Uma vez aconteceu uma situação que foi muito desconfortável. Nós combinamos uma coisa e ele tinha que demitir um empregado. Na conversa com o empregado ele resolveu não demitir e aí disse ao empregado que fui eu que recomendei. [...] Mas aí no dia seguinte eu disse: “bem, veja, não ajudou porque eu vou continuar trabalhando com o rapaz, e ajudou a você? Com ele, com seu gerente? então se a gente puder tirar uma lição daqui, será que dá pra tirar uma lição?” Aí ele disse: “não deve acontecer isso”. Ainda hoje, eu sou mais atenta a ele, mais atenta. Ele já avançou em algumas coisas, eu espero que ele tenha tirado a lição, mas eu estou sempre prestando atenção (Consultora B, entrevista em 03.11.06. Grifo nosso).

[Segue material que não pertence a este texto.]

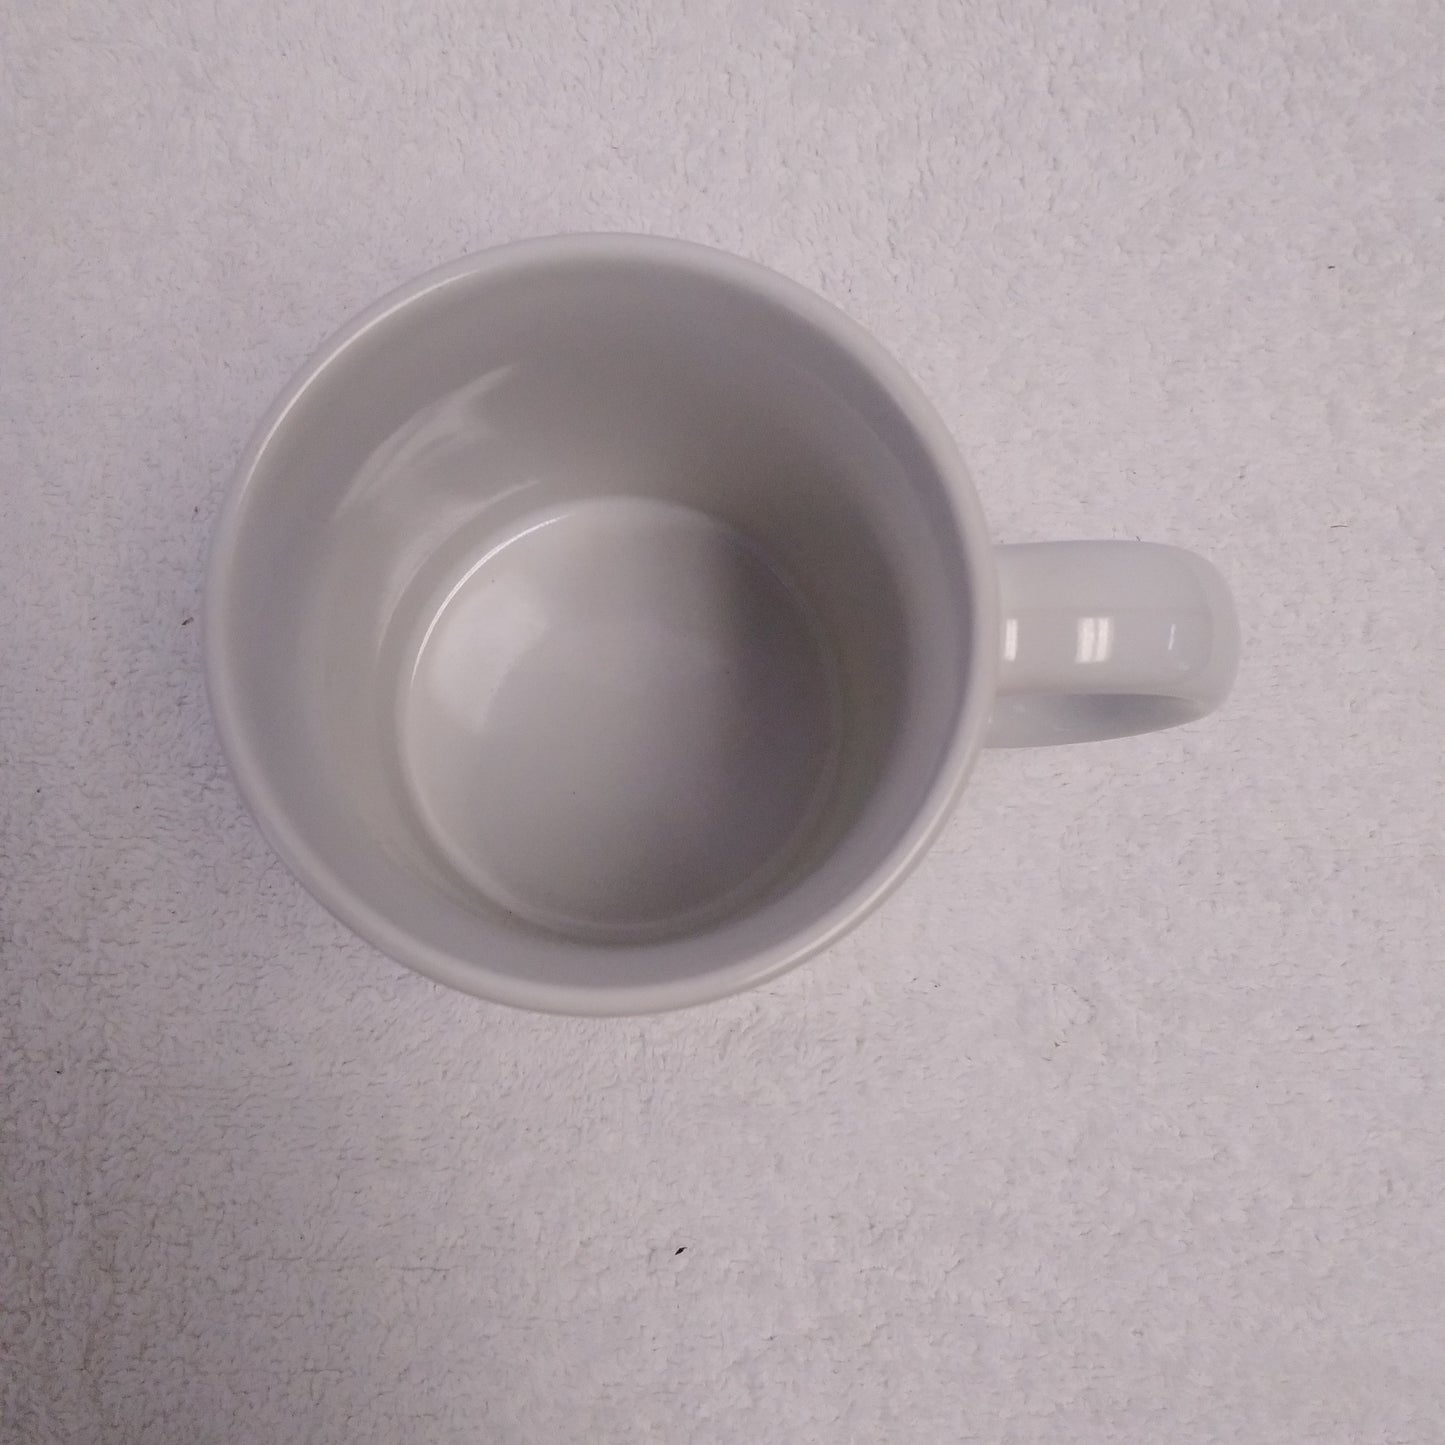 NIB - Employee Appreciation Coffee Mug & 3.9oz Scented Candle
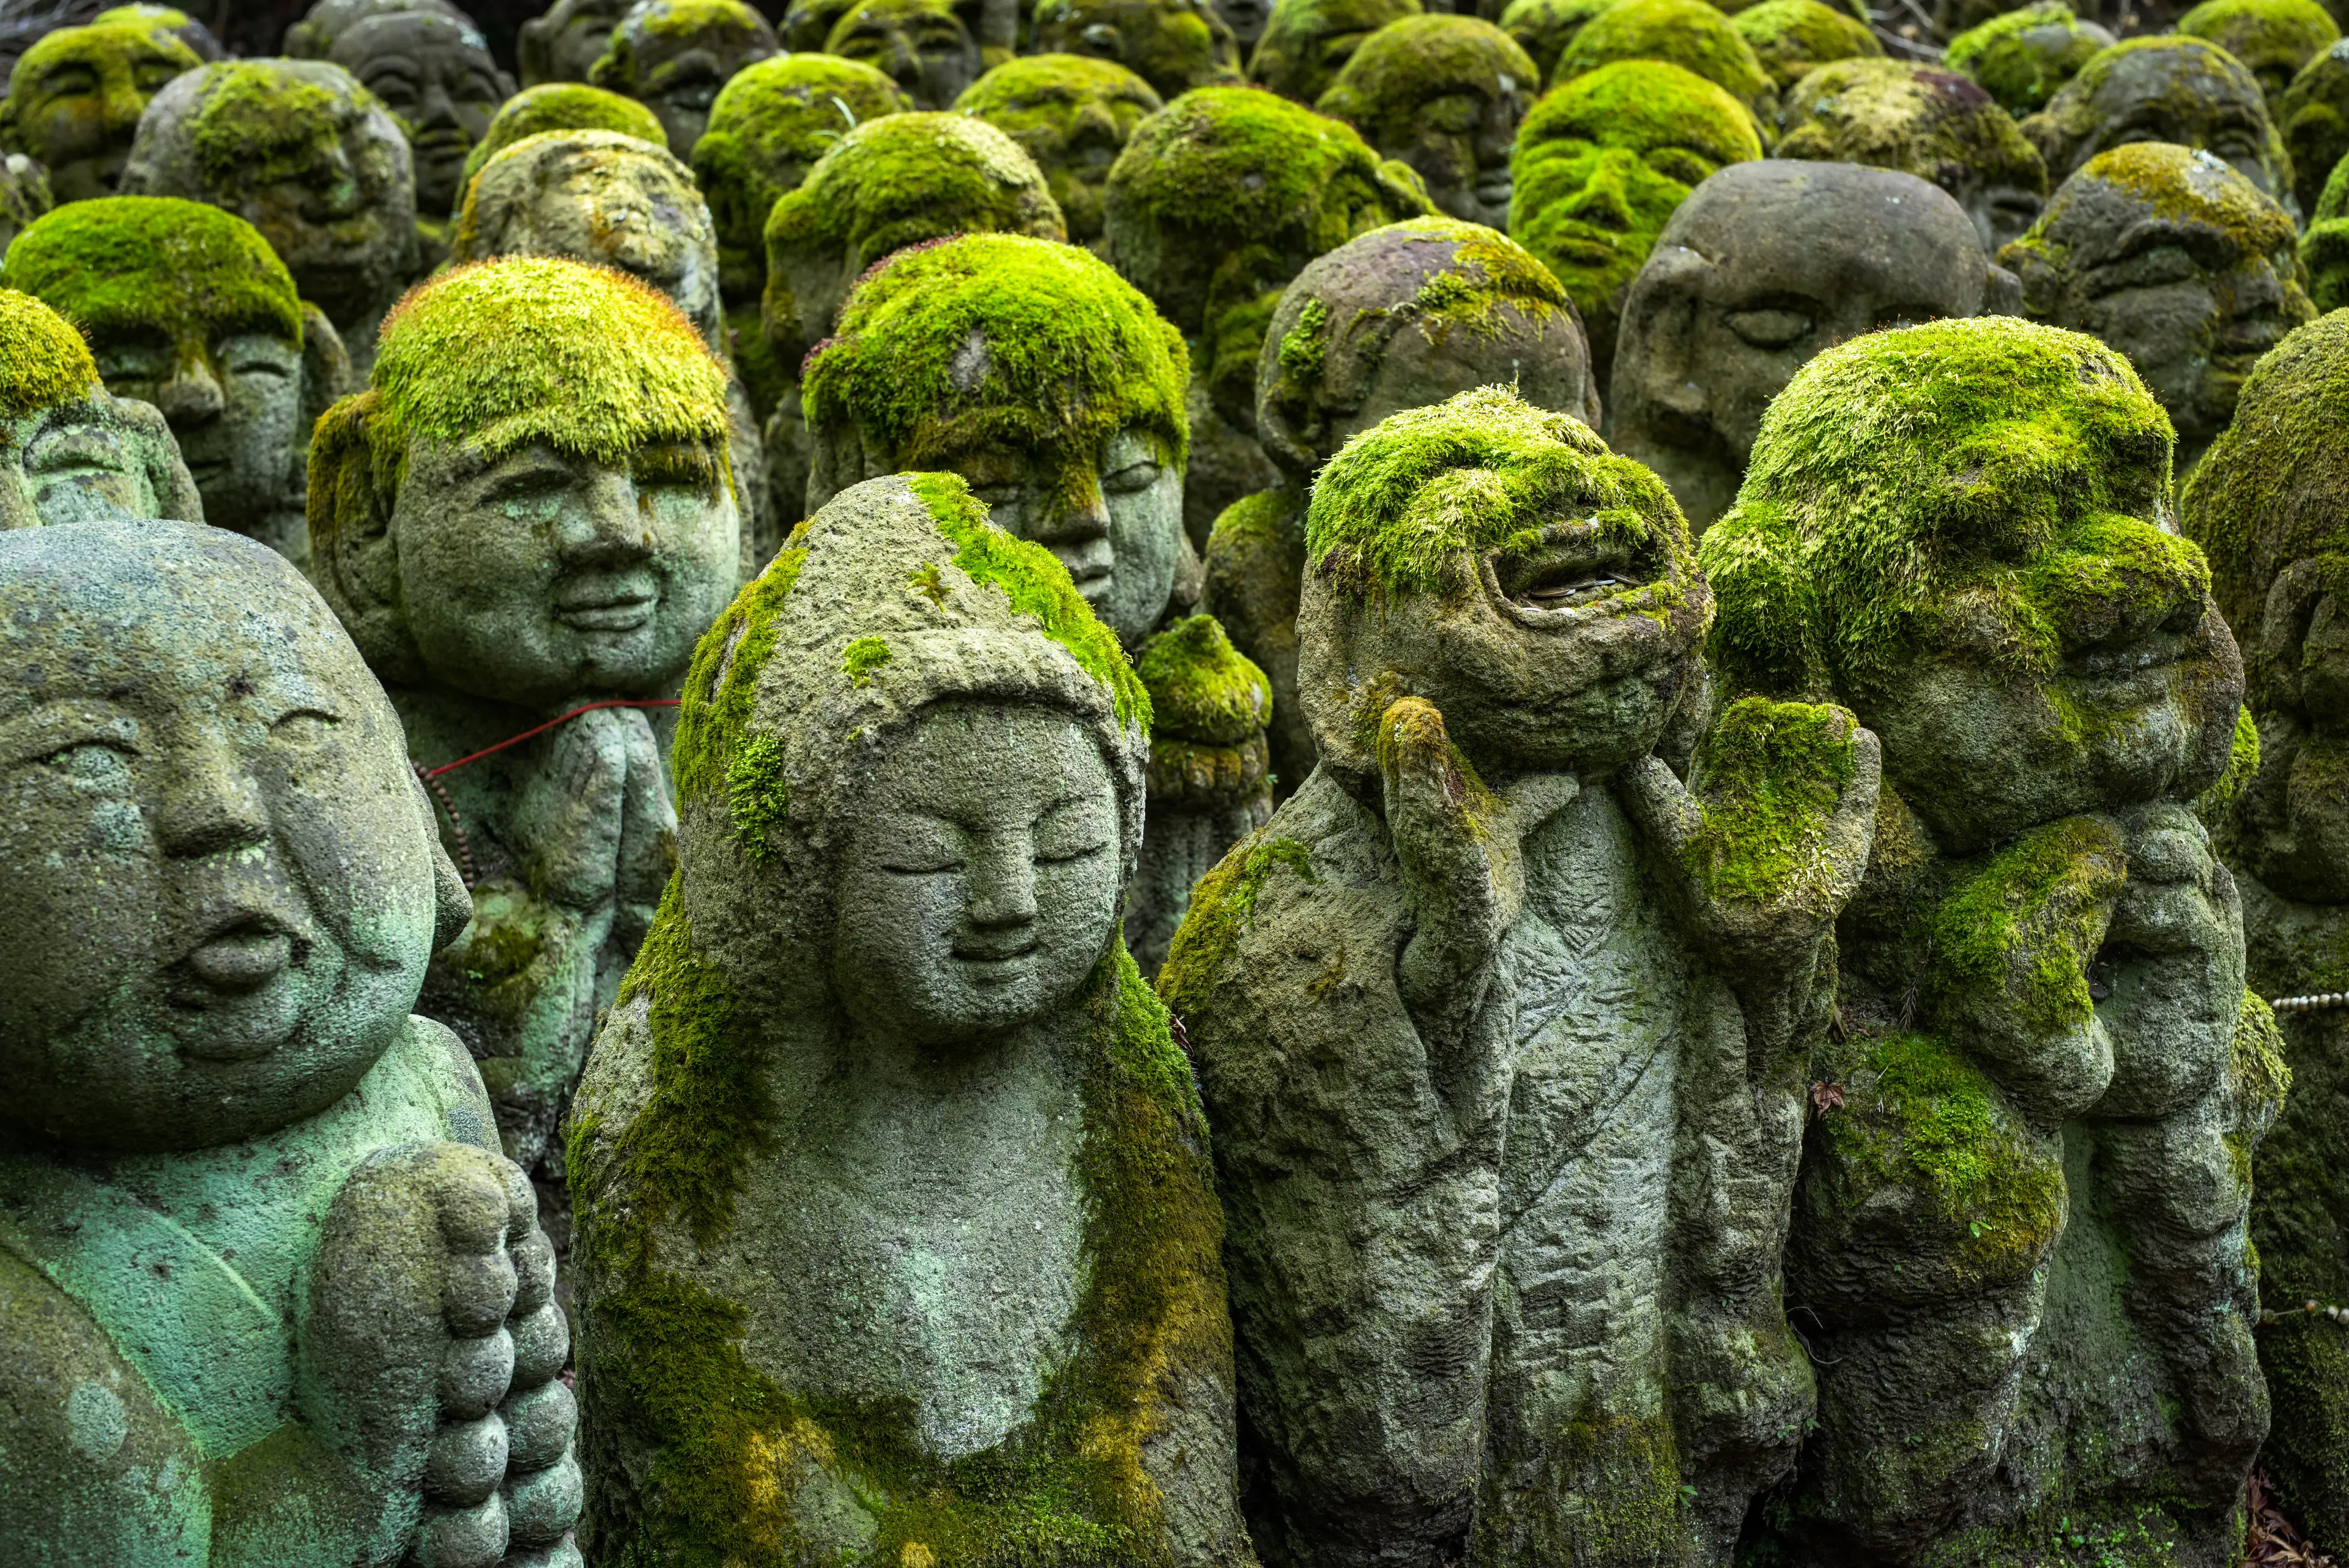 Buddhist stone statues at the Otagi Nenbutsu ji temple

Esta experiência pode acontecer com o próprio consultor, ao executar tarefas operacionais junto à equipe do cliente numa tentativa de proteger-se e ao seu trabalho, no momento da prestação de contas junto ao comitê, mantendo-se competente no desempenho do papel legitimado pelo cliente. A consultora relata esta experiência em um dos contratos:

[...] como eu estou há três anos lá, então é inevitável, eu bem que tento me policiar, mas eu comecei, em alguns momentos, a me envolver com o operacional. [...] em alguns momentos quando eu estava percebendo que alguém não estava dando conta, aí eu consultava esse alguém e eu dizia: “você quer? Eu posso lhe dar um suporte nisso, porque a gente tem um prazo, o deadline está escrito, a gente está pondo em risco comprometer o cronograma da gente”. Mas o que é que eu queria? Eu queria primeiro salvaguardar minha imagem e o compromisso com o produto que eu estou gerando pra ele. Segundo: não apontar ninguém como o gargalo que é desconfortável (Consultora D, entrevista em 14.11.06. Grifo nosso).

Neste relato, a não revelação daqueles que “não estavam dando conta”, configura-se como mecanismo importante de manter as alianças conquistadas junto a estas pessoas, que garantirão o êxito nas próximas etapas do trabalho. Neste momento, a confiança entre o consultor e o cliente pode ser abalada pelo não cumprimento das cláusulas contratuais que garantem a entrega dos “produtos” acordados.